Available data ::

==*==

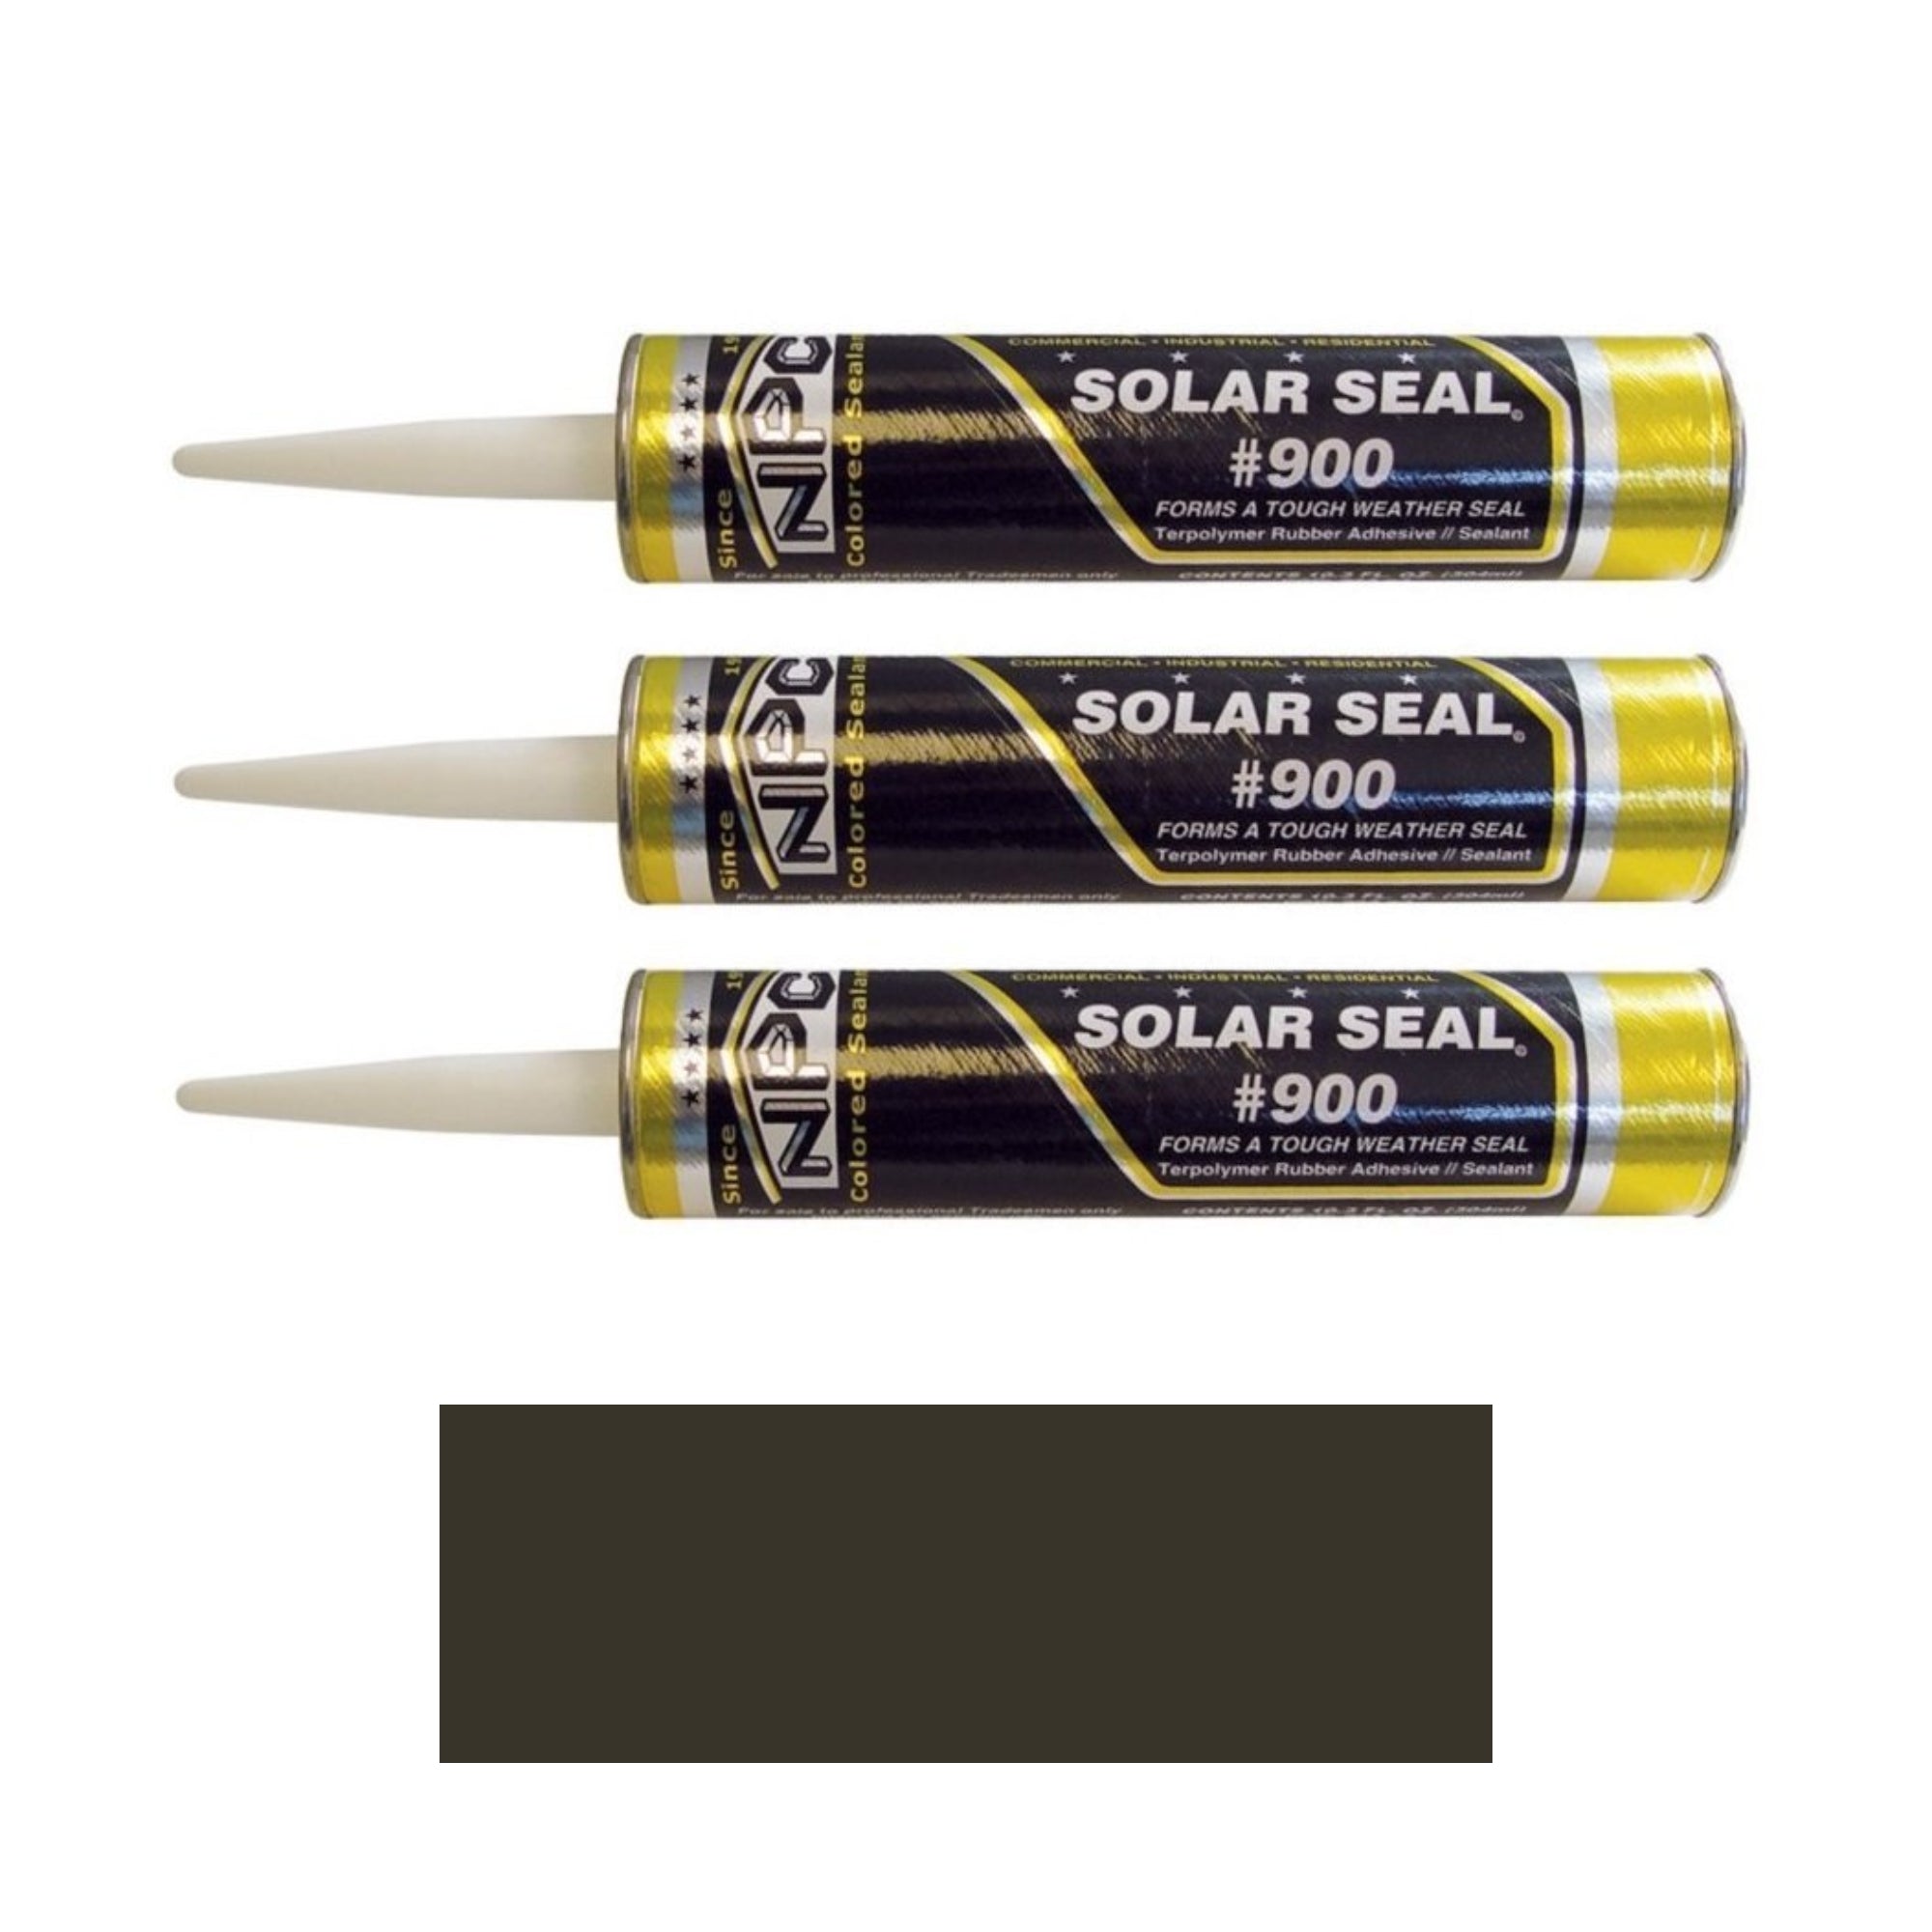 NPC #900 Solar Seal Caulking/Sealant
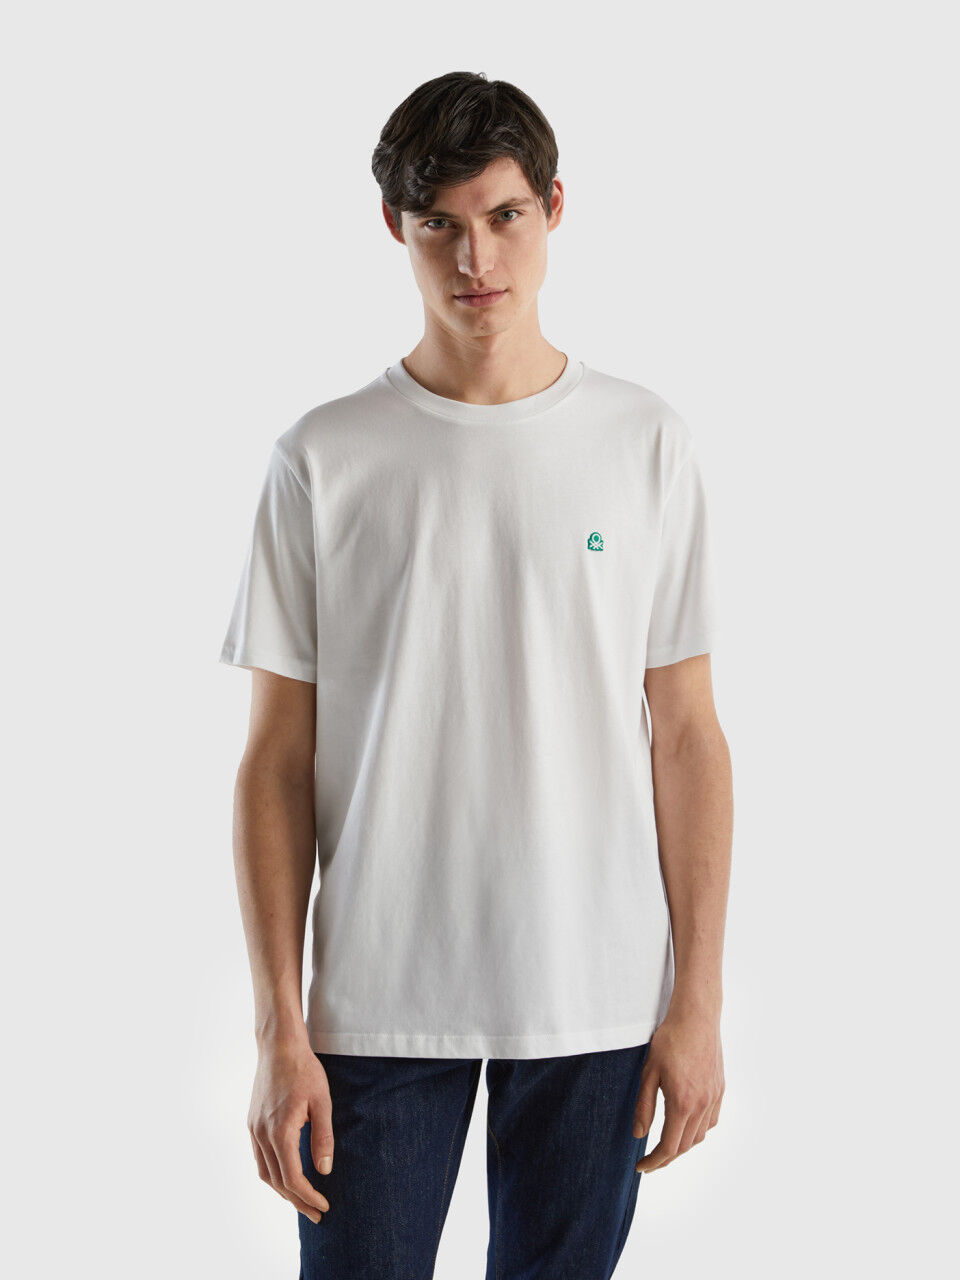 100% organic cotton basic t-shirt
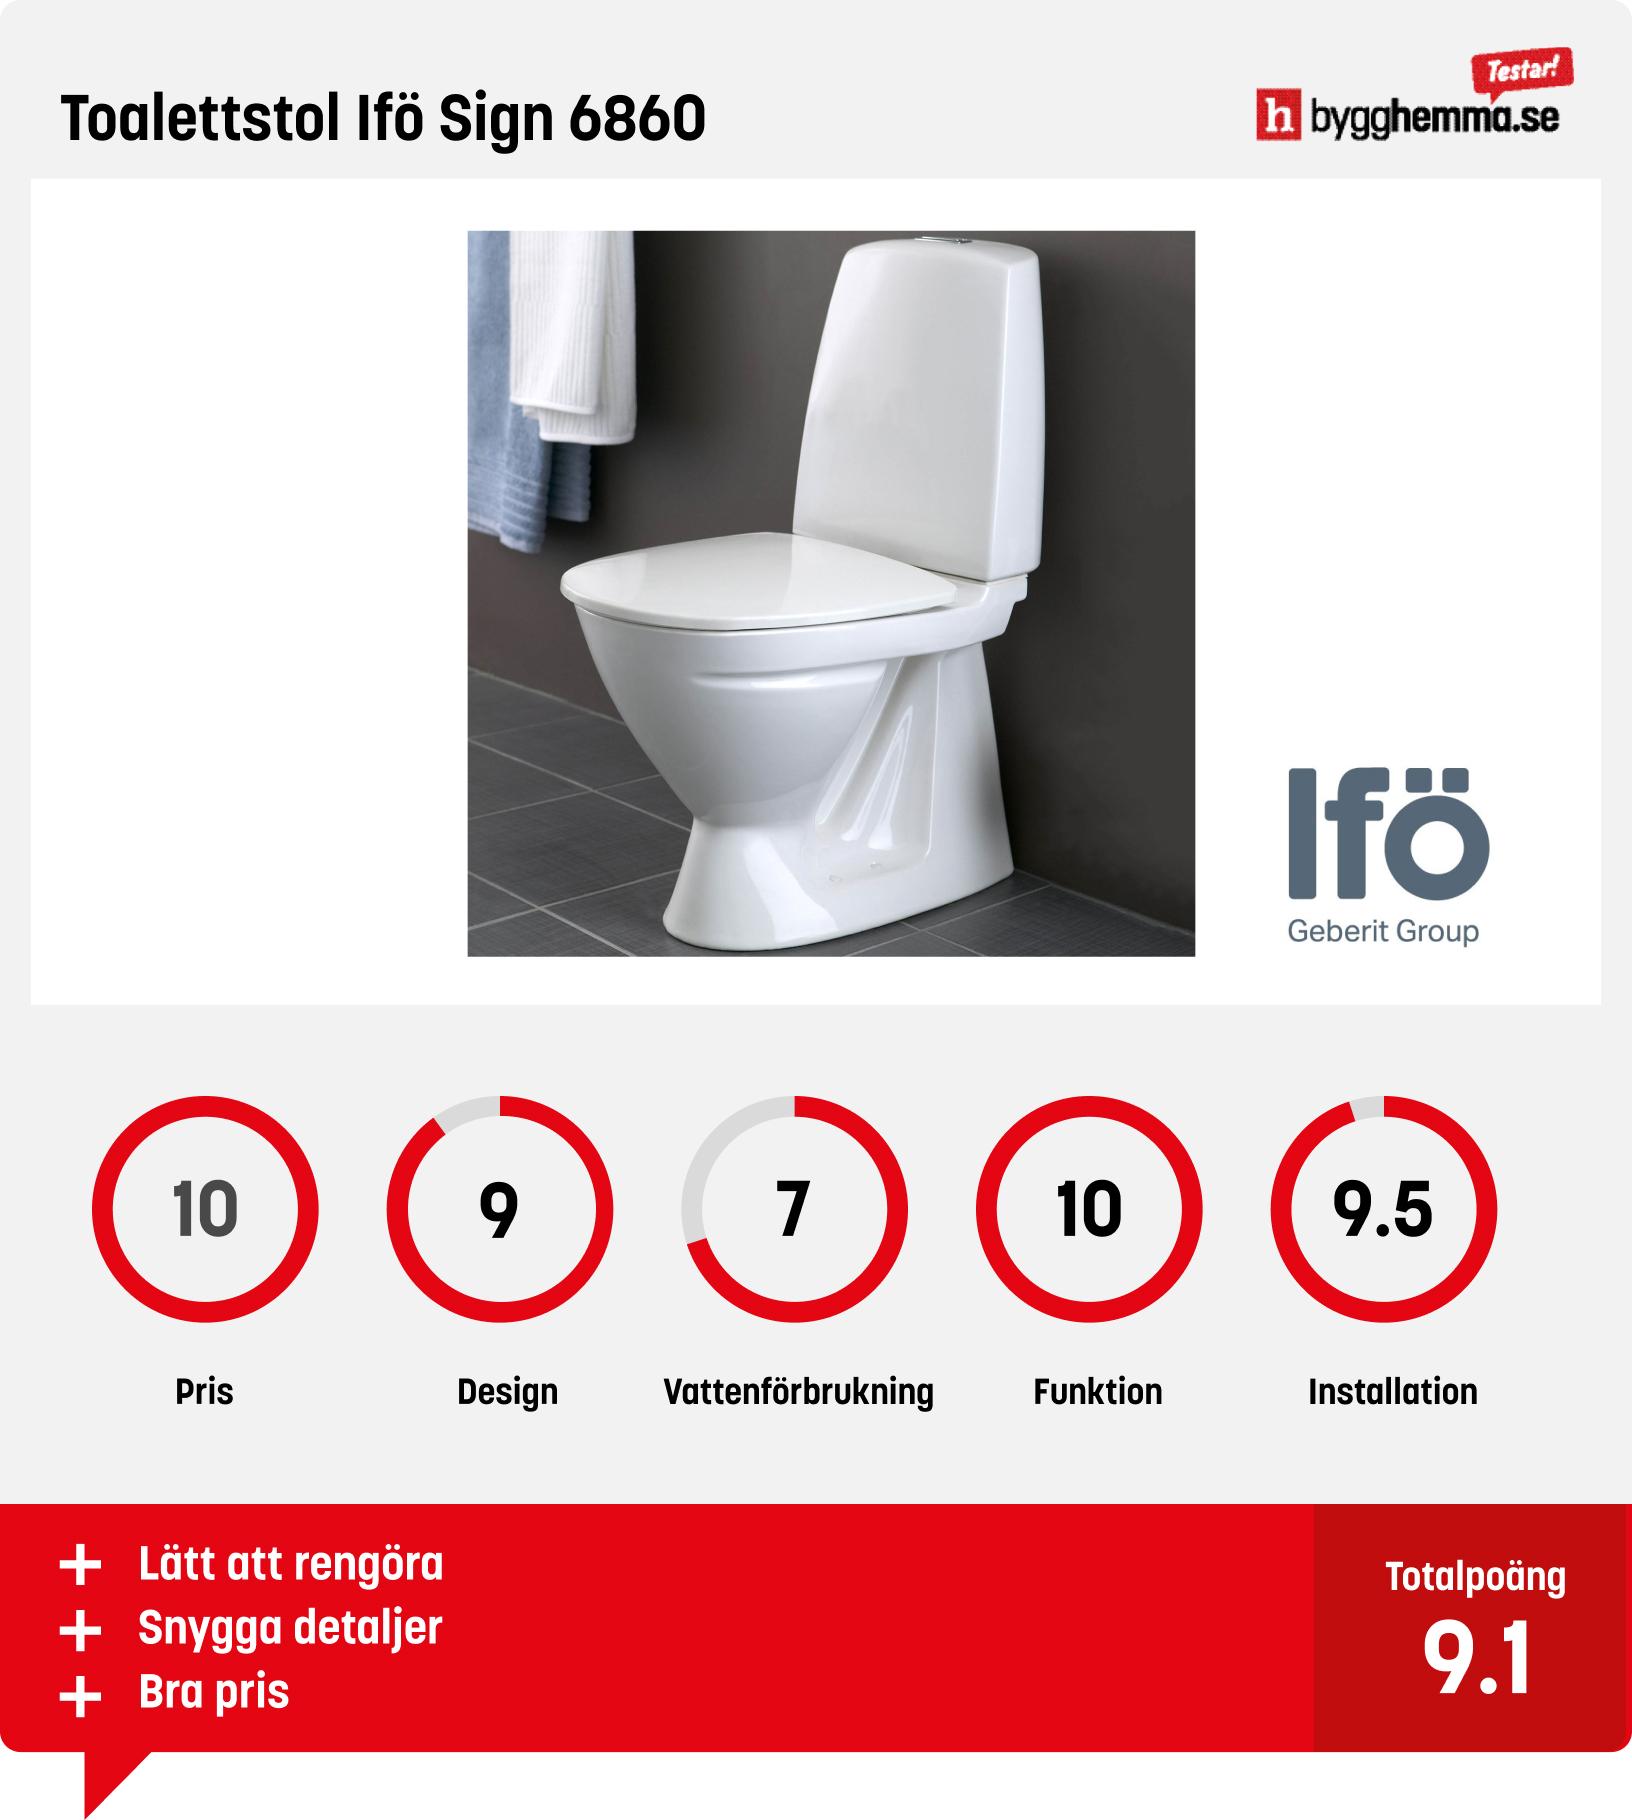 Snålspolande toalett bäst i test - Toalettstol Ifö Sign 6860
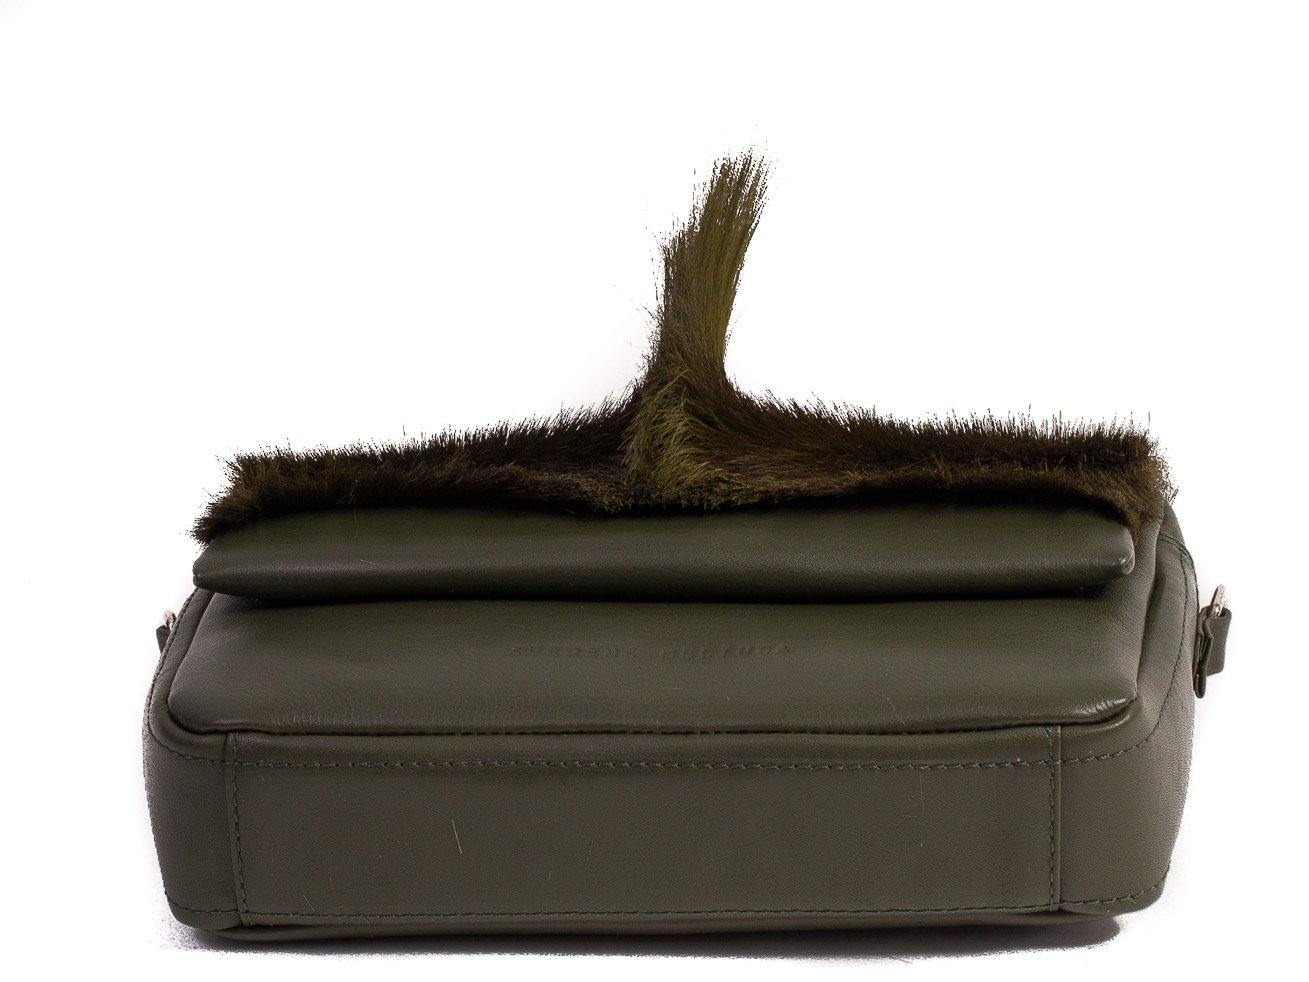 sherene melinda springbok hair-on-hide green leather shoulder bag Fan bottom

==*==

What needs to be done :: Except for the pictures, return every line of the material exactly.

Response to the exercise ::
 NPC #900 Solar Seal Caulking/Sealant
 100% organic cotton basic t-shirt
 Snålspolande toalett bäst i test - Toalettstol Ifö Sign 6860
 sherene melinda springbok hair-on-hide green leather shoulder bag Fan bottom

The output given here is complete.